I moved to the other side of the room. Photos of me, with other kids, were stuck on a blue corkboard above my desk.
And a picture of my dad. Dead from a gun accident. Now Mom had to tell me twice that he was dead. She carried a heavy load, I was aware now. I wondered how she would get through this nightmare—and what I would do if she didn’t, if she couldn’t cope. Her strength seemed, well, as variable as the wind.
“You made me buy blue, although I wanted to get you pink,” Mom said, pointing at the corkboard. “You might like the pink better now.” As if my amnesia was a good way to enforce her decor choices.
“The blue is fine,” I said. I didn’t want her to alter anything in this room. This was a moment of my old life, untouched since the accident. This was a map to me and my past few years. The last time I’d been here I’d had no idea that my life was about to evaporate. I looked at the pictures on the shelf. The framed ones seemed to be reserved for adults. Me and Dad. Me and Mom. Not Mom and Dad together. I wondered, What was their marriage like? Did they love each other or did they have troubles? I have no idea. How odd not to know. Then to the blue corkboard. Most of these were with high school friends. Standing awkwardly in a group, the girls in pretty dresses, the boys in suits or ties, all of us by a pool.
“Homecoming,” Mom said. “Do you
remember that?”
I knew the tall, broad-shouldered blond boy next to me was named Trevor Blinn, he’d come to see me once in the hospital after I woke up. He seemed quiet and slightly scared of me, like he didn’t know what to say, but he had brought flowers and I’d watched him give my mom an awkward hug.

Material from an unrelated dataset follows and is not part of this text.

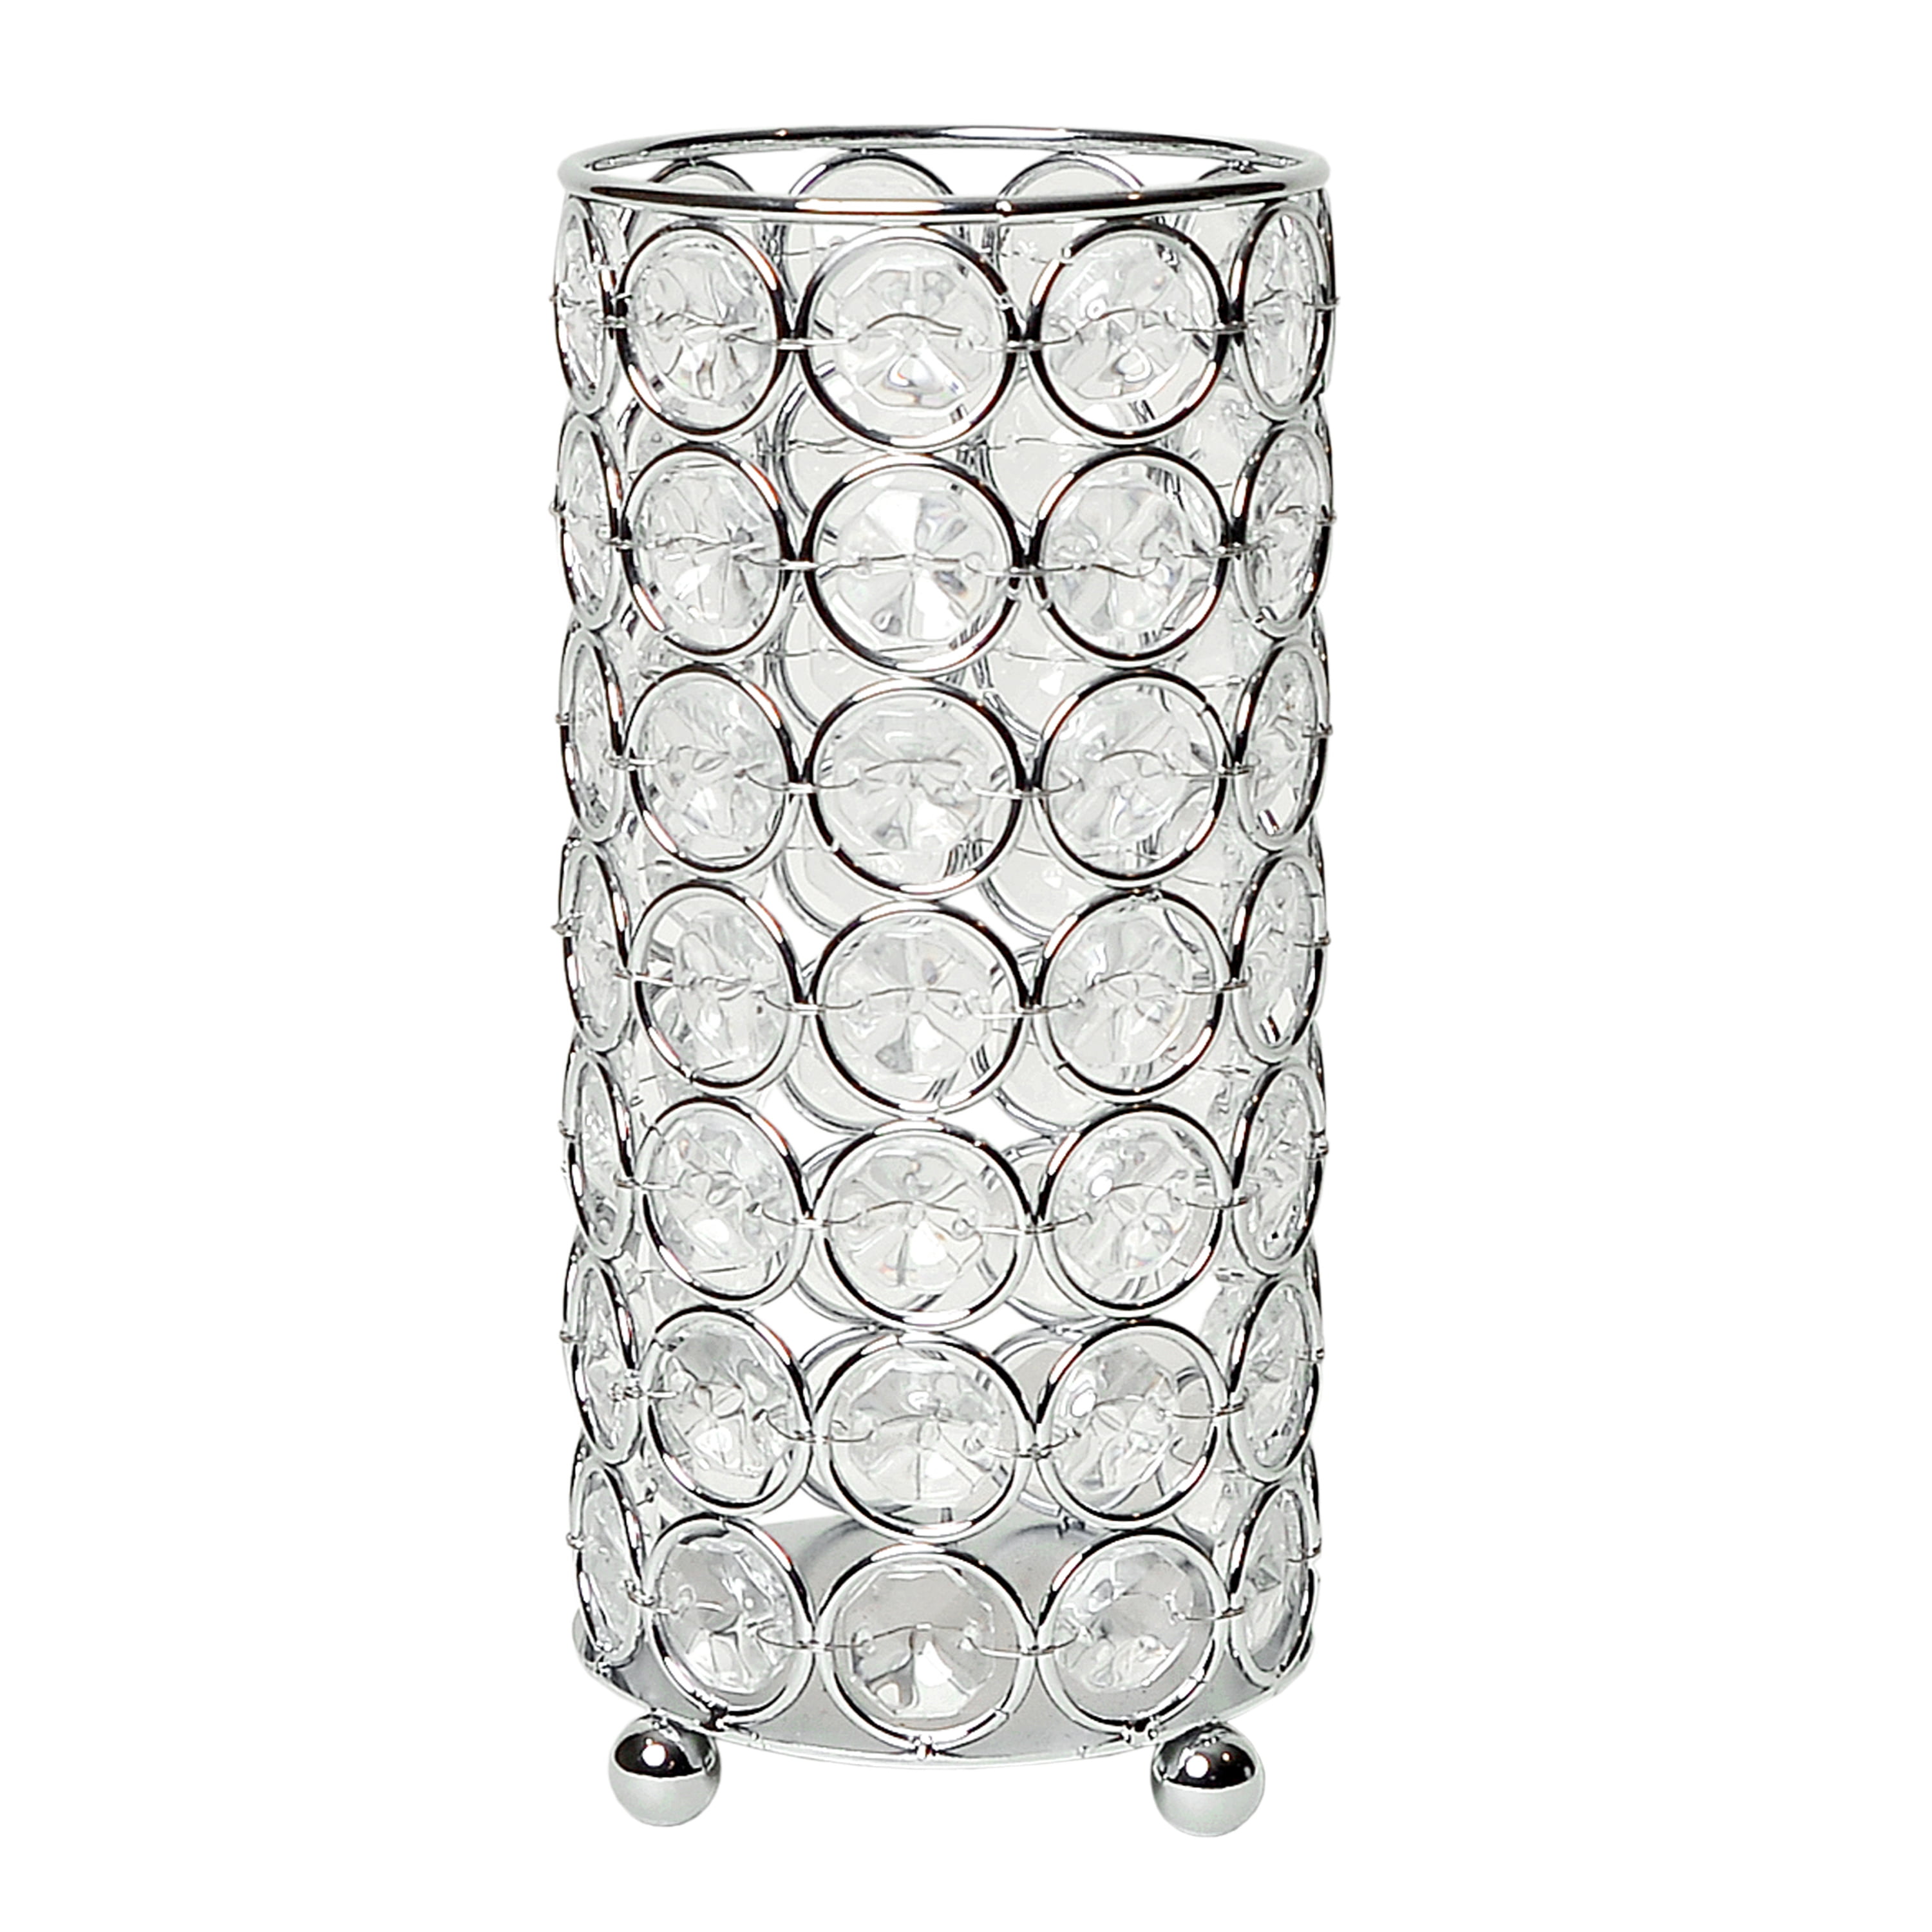 Elegant Designs Hg1002-chr 6.75 In. Elipse Crystal Decorative Flower Vase, Candle Holder, Wedding Centerpiece - Chrome

I didn’t want anyone hugging on me. I was still physically so sore from the accident. An old friend, although he’d certainly gotten taller and bigger since I remembered middle school.
But he made a memory tickle.
“Husky jeans.” I pointed at Trevor. “When we were little. A girl with a big red bow in her hair made fun of Trevor having to wear husky-sized jeans, and I was so mad at her, we got into a fight on the playground and I snatched that bow right out of her hair. I got sent to the principal’s office and the boys teased Trevor about me fighting for him. Fourth grade?”

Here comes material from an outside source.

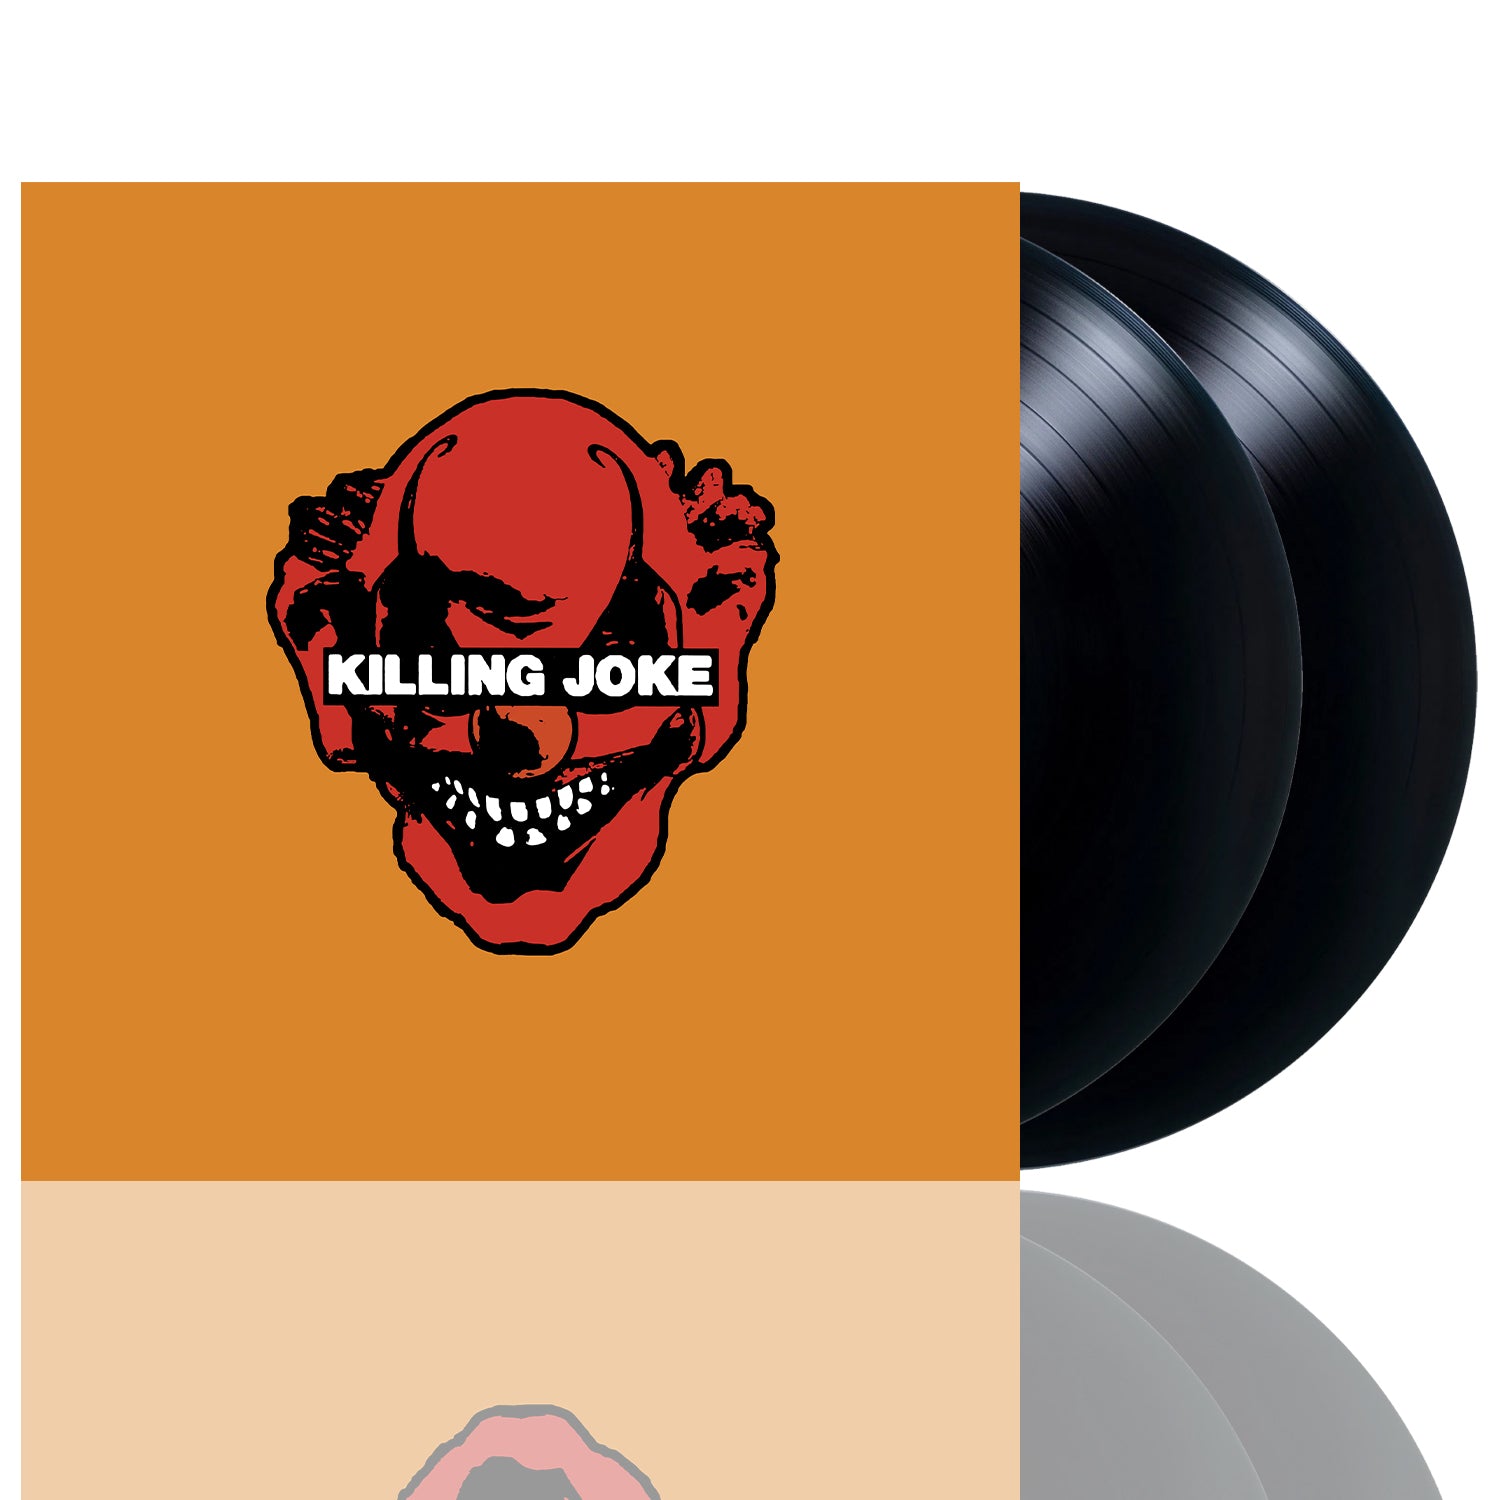 Killing Joke - Killing Joke 2003 (2LP Black Vinyl)

“Yes,” Mom nodded. “You remember.”
“Well, I remember that one incident. Don’t get too excited. You picked me up at school.” The words came in a rush. “You took me home and talked to me about it and then wrote about it in your blog. But you got me pizza for lunch, and Trevor’s mom called to say she was sorry I’d gotten into trouble.” A memory, slick and clear and newly born. “And David and I did a comic strip about a girl who fights bullies and called it Bowsnatcher!” I thought I would faint. Memory, bright and clear and full. Overwhelming.
“And you still hate giant bows.” Mom pressed her hands to her mouth in happiness.

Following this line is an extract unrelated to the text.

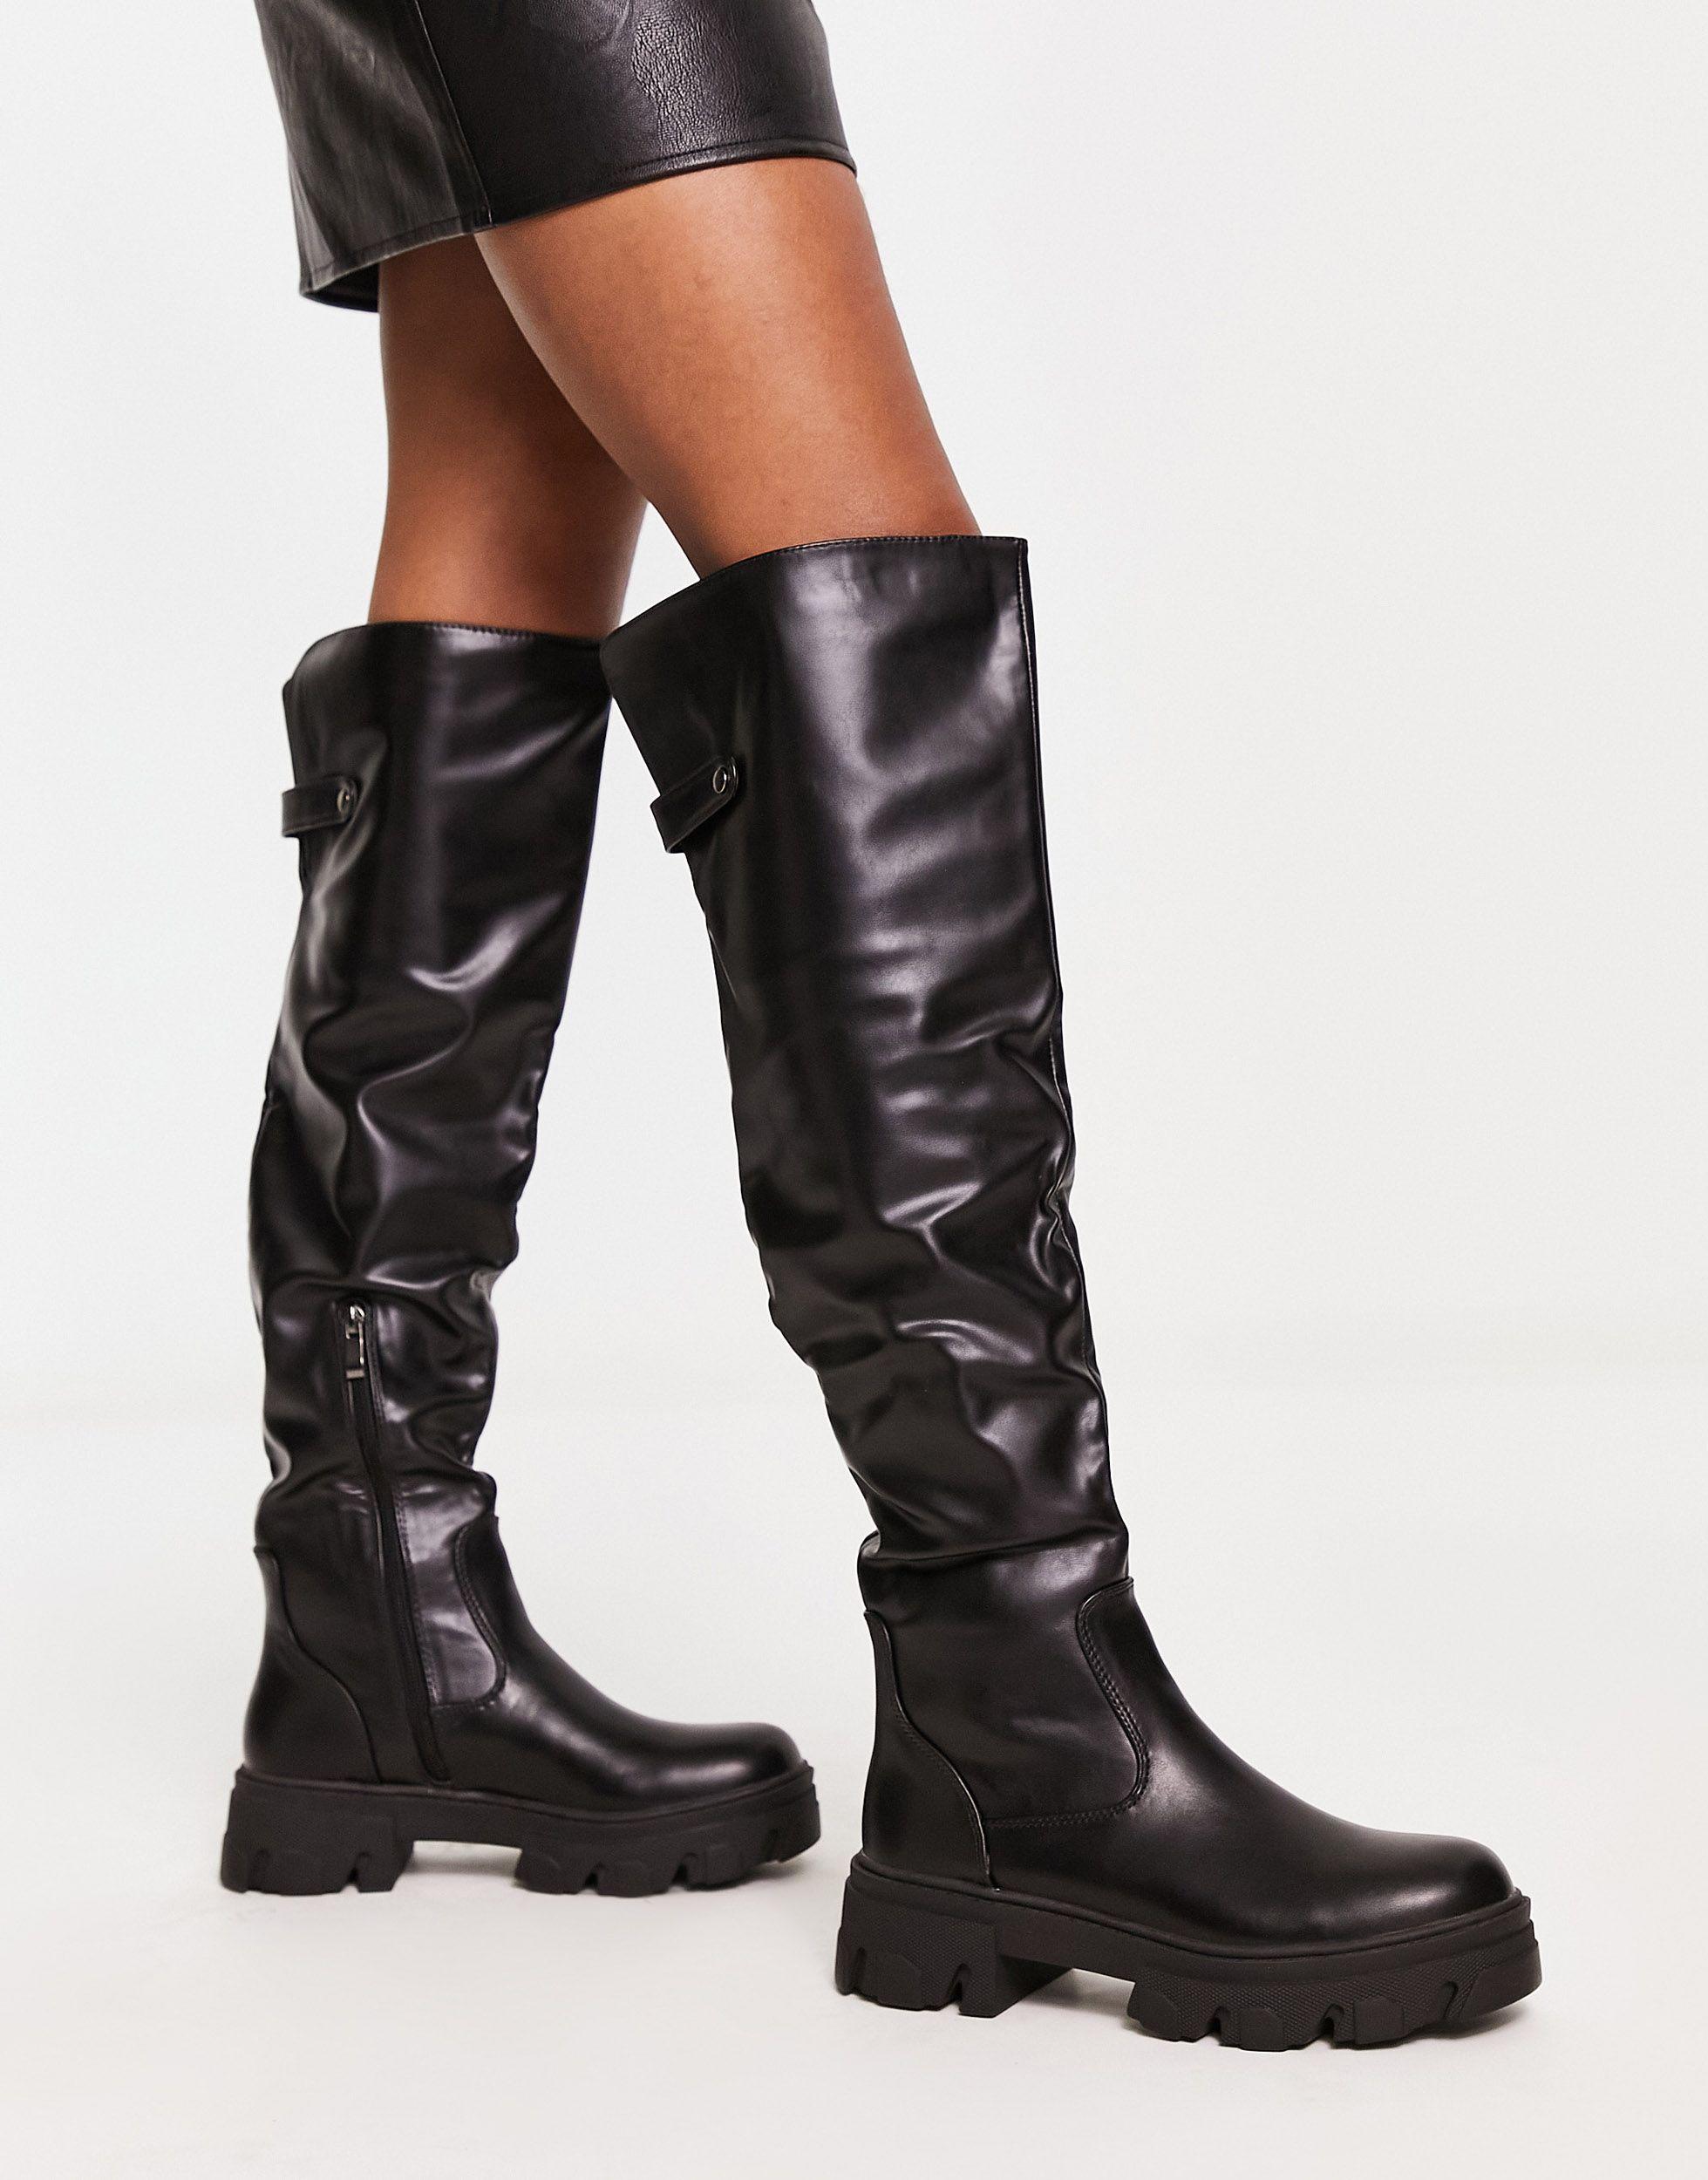 Urban Revivo Chunky Knee High Boot in Black | Lyst

I didn’t recall my feelings on that important fashion issue. I looked closer at the homecoming picture. Adam was on the other side of the group, smirking; I knew his name from his hospital visit but remembered nothing about him. How could I forget that handsome smirk? He had announced, as if nothing was wrong with me, “I know you don’t remember me, but you will, I’m your friend who’s a bit of a jerk.”
The pretty dark-haired girl next to me was Kamala. Our heads were nearly together, our smiles matching. [Written in the margin in a different color of ink: In two more weeks many more childhood memories of Kamala and Trevor would start to rush back, but I didn’t know that then.]